Recap: Social Change and Development | Africa with Audrey Smith
On Monday February 17, Audrey Smith (University of Florida) presented at the Social Change and Development in Africa (SCAD) Working Group meeting. Her talk, “Large-scale Land Acquisitions and Ecosystem Services: Impacts on Natural Woodlands and Energy Security in Ethiopia,” centered on her preliminary findings from her research on large-scale land acquisitions in Ethiopia. The overarching project goal was to examine changes in complex human and natural systems associated with large-scale land acquisitions. Globally, large-scale land acquisitions have increased in the past 10-15 years as economically rich countries began investing in land and resources elsewhere to combat domestic energy and agricultural crises. Smith’s research asks: What proportion of land cover in Ethiopia is forest/natural woodland? What is the change in forest/natural woodland cover from 2005 to 2018? Are large-scale land acquisitions driving forest/woodland loss? And Are large-scale land acquisitions impacting household energy security (i.e. availability and access of fuelwood)?

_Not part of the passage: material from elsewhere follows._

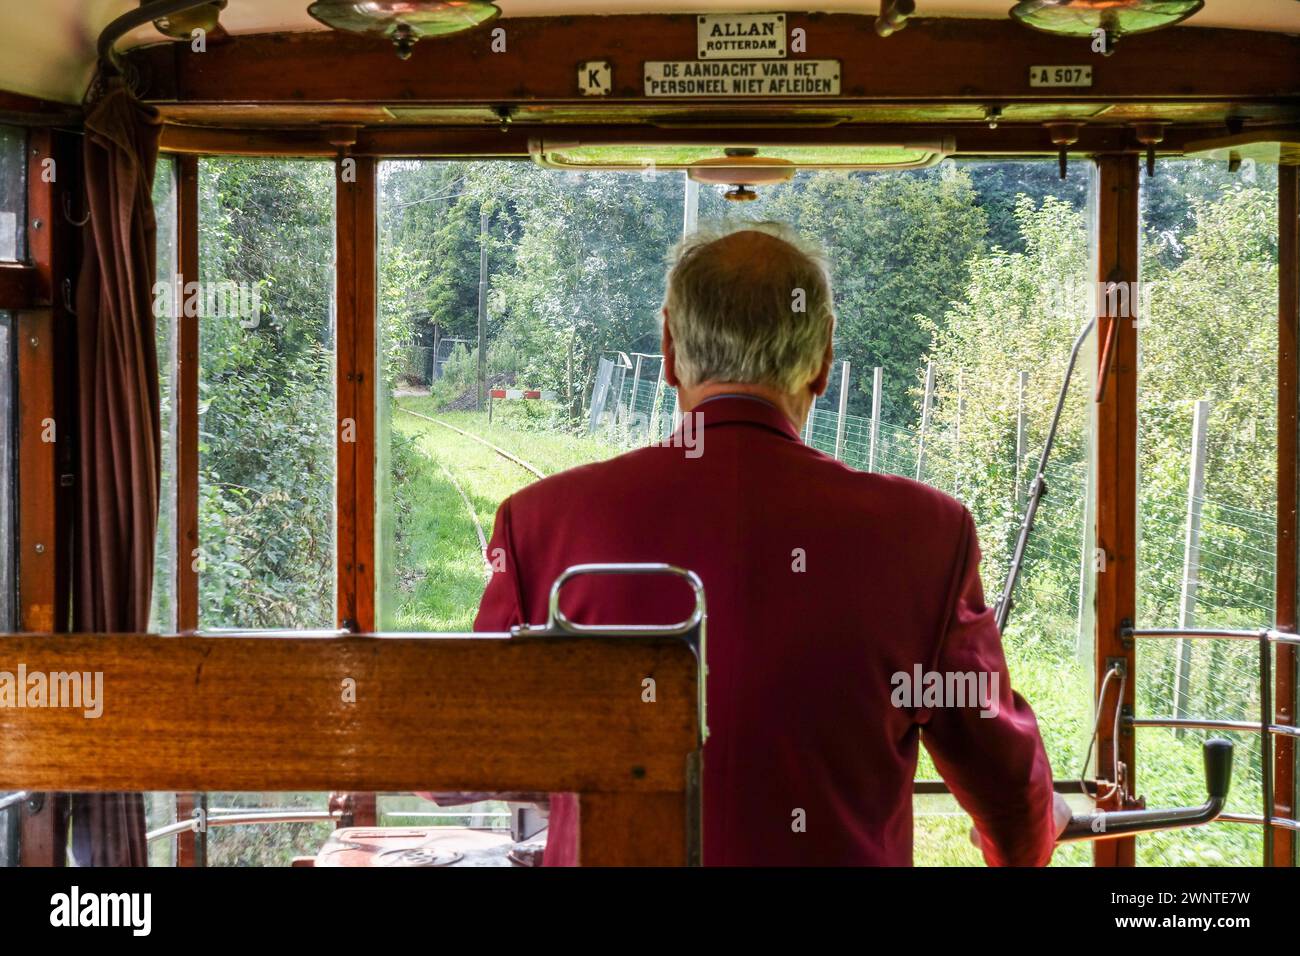 Conducteur de tramway en veste rouge regardant depuis la cabine d'un tramway vintage, observant la voie ferrée pittoresque et les arbres, à Amsterdam, pays-Bas Banque D'Images

The study uses 16 sites in Ethiopia—8 that are sites of large-scale land acquisitions and 8 control sites. Her methods for data collection included household surveys, ecological data (tree species diversity/abundance), and remote sensing imagery. Preliminary results indicate that forest loss is occurring as a result of large-scale land acquisitions, and subsequent land conversion for commercial agriculture. Woodlands are then affected by the displacement and movement of rural people: fuelwood extraction begins in new areas, ecosystem services are impacted, and there is less access to natural resources. Smith noted that she plans to improve her current methods used for the study’s land cover classification as she continues analyzing data. Next steps for the project included, classifying land cover in 2005 data set, conducting an ecosystem services assessment with analysis, and analyzing land cover change, NDVI time series, and household survey data.